Drugs called bisphosphonates — which include the widely prescribed alendronate (Fosamax), ibandronate (Boniva) and risedronate (Actonel) — are taken orally and commonly prescribed to combat osteoporosis, a disease that is marked by weak bones and affects over 10 million people in the United States.

Jawbone disease is “absolutely rare, and one of the least likely bones to get infected,” says study coauthor Parish Sedghizadeh, a dentist and researcher at the University of Southern California in Los Angeles. Over the last several years, Sedghizadeh and other dentists at the University of Southern California noticed a rise in the number of patients who came in with the unusual and hard-to-treat jaw infection. “All of a sudden, we saw this raging epidemic of jawbone infections,” prompting the researchers to scrutinize the electronic medical records of dental patients at USC.

From sifting through thousands of such records, the researchers found that nine of 208 current USC patients — or four percent — who were taking or had taken bisphosphonates for any amount of time in the past five years also had jawbone necrosis diagnoses. Of the 13,522 control patients not taking the bone-building drugs, none were diagnosed with jawbone necrosis.

But Aliya Khan, a doctor at McMaster University in Hamilton, Canada, points out that four of the nine patients found by the new study to have jaw necrosis had “additional risk factors,” including cancer, diabetes and steroid treatment. “From this study it cannot be concluded that the alendronate was a causal factor in the development of osteonecrosis,” says Khan, who has consulted for drug companies including Merck. “We need to obtain prospective, good quality data” on the causes and incidence of jaw osteonecrosis.”

Clinical trials involving more than 17,000 patients and conducted by Merck, the maker of alendronate, found no reports of jaw osteonecrosis, according to a statement released by the company in 2007.

However, Sedghizadeh says that these trials have not been evaluated in any peer-reviewed journal, and may not have had adequate dental oversight. “Better, larger studies are really needed to clarify the risk,” Sedghizadeh says.

All of the nine patients with jawbone necrosis developed it after undergoing a dental procedure, such as a tooth extraction, that exposed the jawbone to bacteria in the mouth.

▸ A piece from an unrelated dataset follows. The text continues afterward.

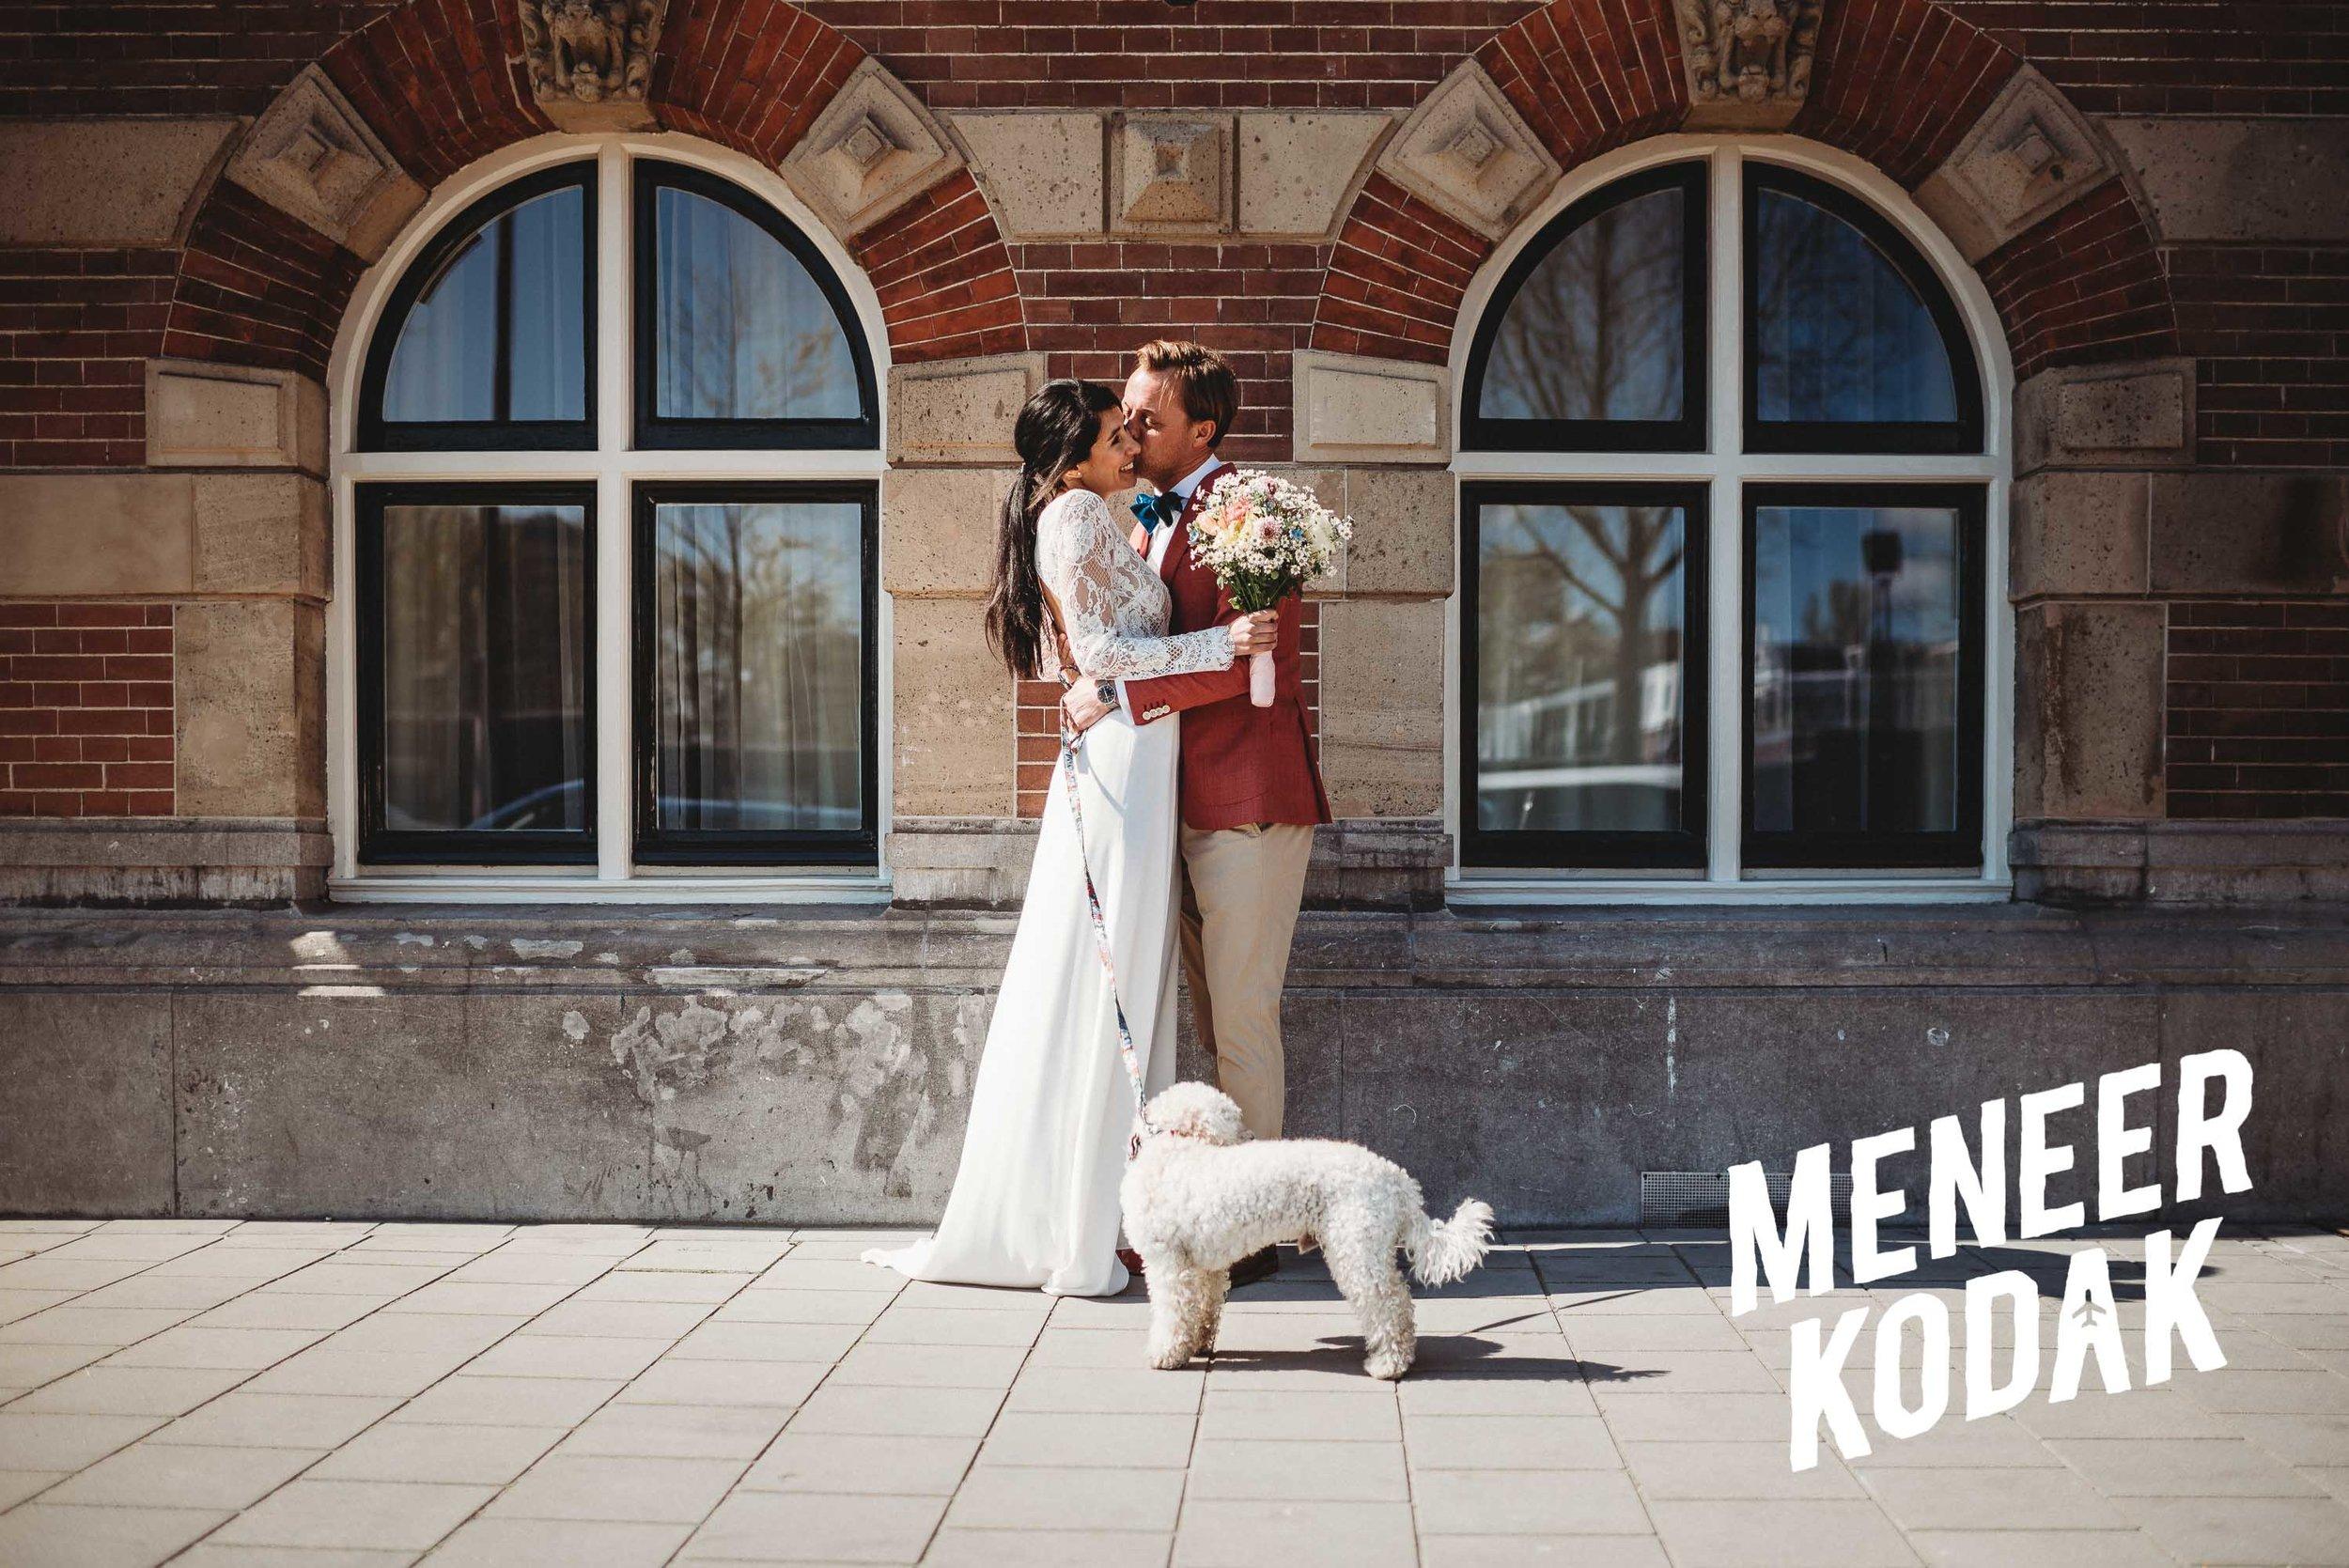 Meneer Kodak - Bruidsfotograaf - Amsterdam - M&J-016.jpg

In early 2008, Sedghizadeh coauthored a separate report showing that biofilms, communities of bacteria, had invaded the jawbone of four osteonecrosis patients who were taking bisphosphonates. Once situated in the jawbone, these dense lawns of bacteria coat the bone and slowly destroy it.

In response to a 2005 request from the FDA, Merck now includes the following statement with Fosamax prescriptions: “Osteonecrosis of the jaw, generally associated with tooth extraction and/or local infection, often with delayed healing, has been reported in patients taking bisphosphonates.”

Researchers don’t yet know why these bone-building drugs may leave patients vulnerable to jawbone infections. Sedghizadeh’s guess is that the drugs may change the surface characteristics of the jawbone, making the bones a more hospitable place for bacteria to land and stick.

Until more data are collected, Sedghizadeh recommends that patients on these bone-building drugs be classified as “at-risk” for developing jawbone infections after dental procedures. Minimizing the bacteria in the mouth with extensive antibacterial mouth rinses for weeks before and after a tooth extraction may decrease jawbone infections in these patients, Sedghizadeh says.